A digital filter was not applied to the human measurements because the obtained pulse wave values had a higher signal-to-noise ratio than those obtained in animal experiments. The amplitude of the pulse wave was calculated using an FFT analysis, similar to that used in the animal studies. Some parameters were adjusted: the spectrum of 0.5–2 Hz was used since the heart rate of volunteers was distributed over 30–120 beats per minute, and a pulse wave signal of 256 points was used to calculate pulse power, corresponding to a pulse wave signal of 16 s.

As in the rat model, the change in pulse power caused by compromised circulation in the five human volunteers was assessed using a paired t-test. Differences between normal state and ischemia/congestion, and between ischemia/congestion and recovery were determined using p-values.

Protocol and analysis of continuous monitoring of pulse wave on the human chest

The sensor unit was attached to the chest of one healthy volunteer for 1 week and measurements were made during all of the subject’s daily activities. The medical transparent film mentioned previously was replaced each day. Our system recorded the pulse wave for 1 min at 3-min intervals to preserve battery power.
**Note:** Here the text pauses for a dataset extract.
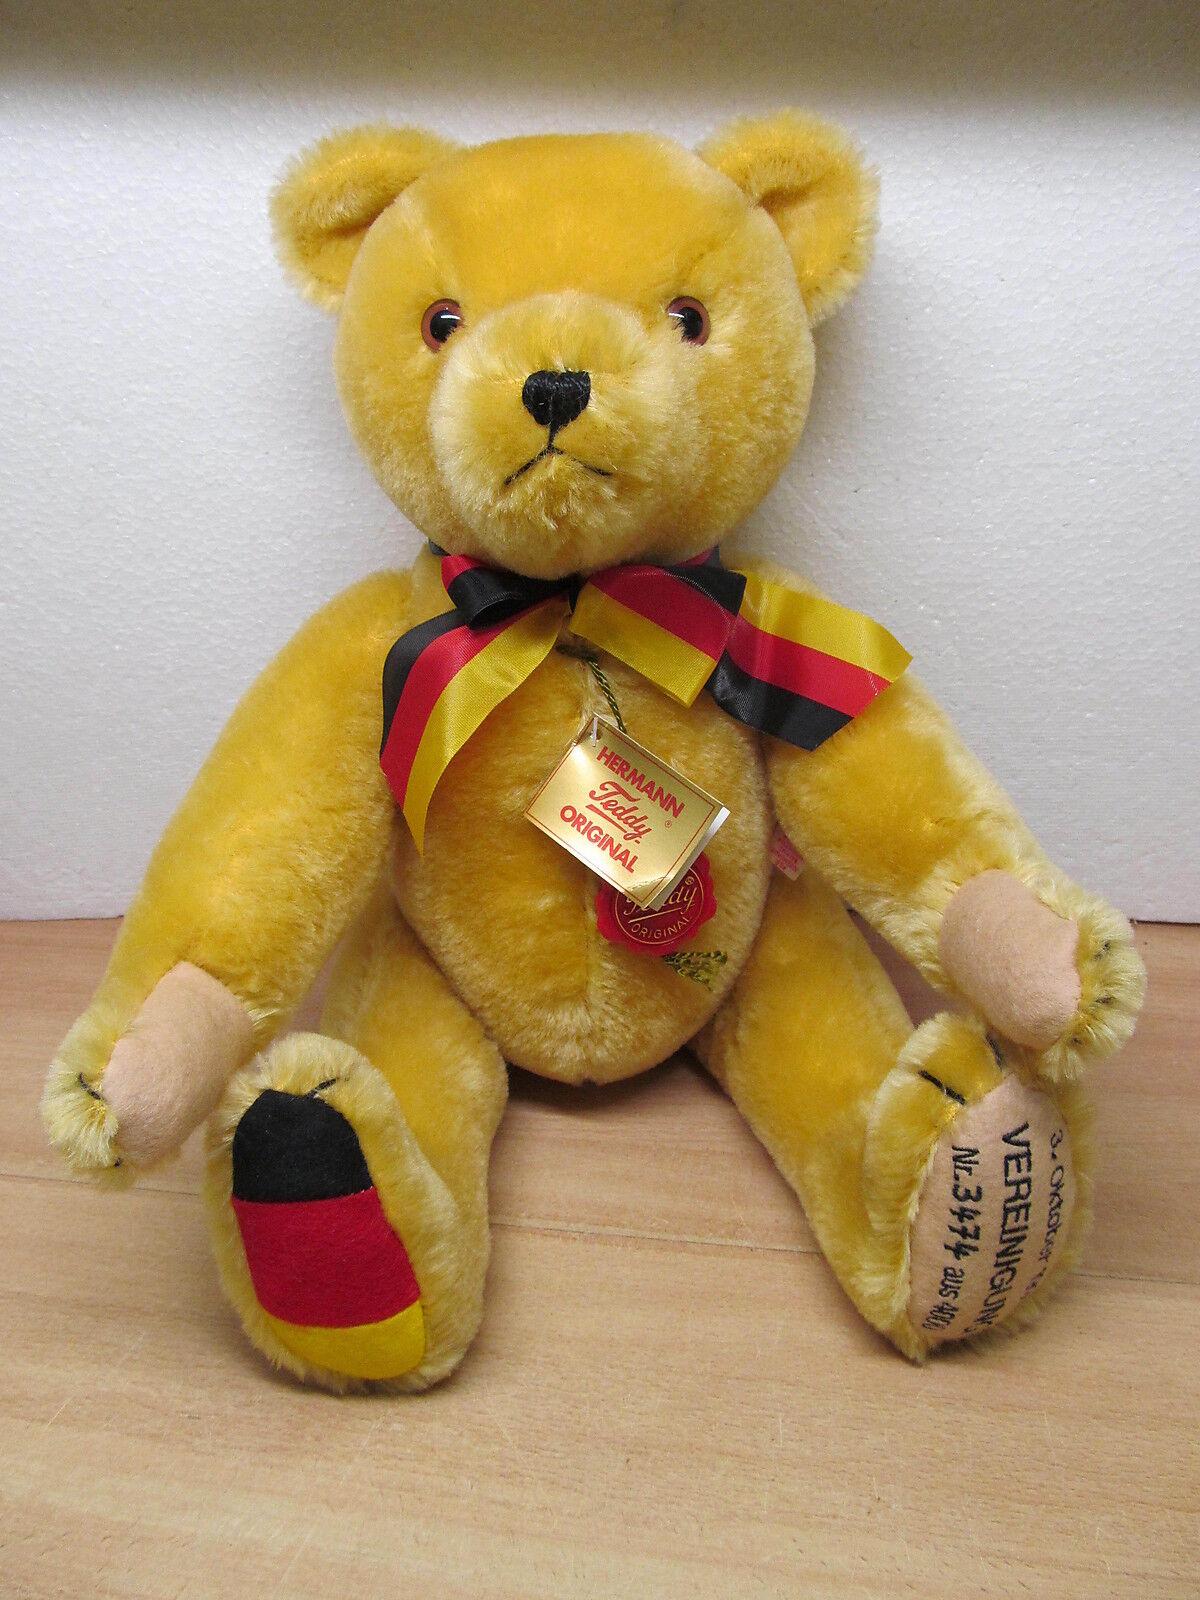 MES-37203 Neuzeitlicher Hermann Teddy Vereinigung 1990 L:ca.44cm sehr gut

Therefore, the pulse power was calculated once every 4 min.

Analysis of repeatability, reproductibility, and stability of the system

The output of the measurement system is pulse wave, and the amplitude of pulse wave result is represented by pulse power, which is the peak power of spectrum of pulse wave signal. Repeatability is defined as the ability to obtain same pulse power when measuring the same skin tissue by the same tester and the same device. Reproducibility is defined as the ability to obtain same pulse power when measuring the same skin tissue by the different testers and different devices. And stability is defined as the signal percentage drop in the zone of center line ± σ.

This experiment involved one healthy volunteer, and we instructed him to sit silently. The sensor probe is attached to palm of the volunteer, and we marked the contour of attaching position. In repeatability test, only one tester attached the sensor on the volunteer, and repeated for 10 times. Each measurement lasted for 1 minute, and repeatability was 77.6% (See Supplementary Fig. S5a). In reproducibility test, five testers attached the sensor on the volunteer using 3 sets of monitoring system. Totally 15 groups of data were obtained. Each measurement lasted for 1 minute, and reproducibility was 79.8% (See Supplementary Fig. S5b). In stability test, one tester attached the sensor on the volunteer, and measured data continuously for 4 hours (See Supplementary Fig. S5c). We took the log of volunteer and exclude the data when there is obvious active movement. Stability was 92.2%.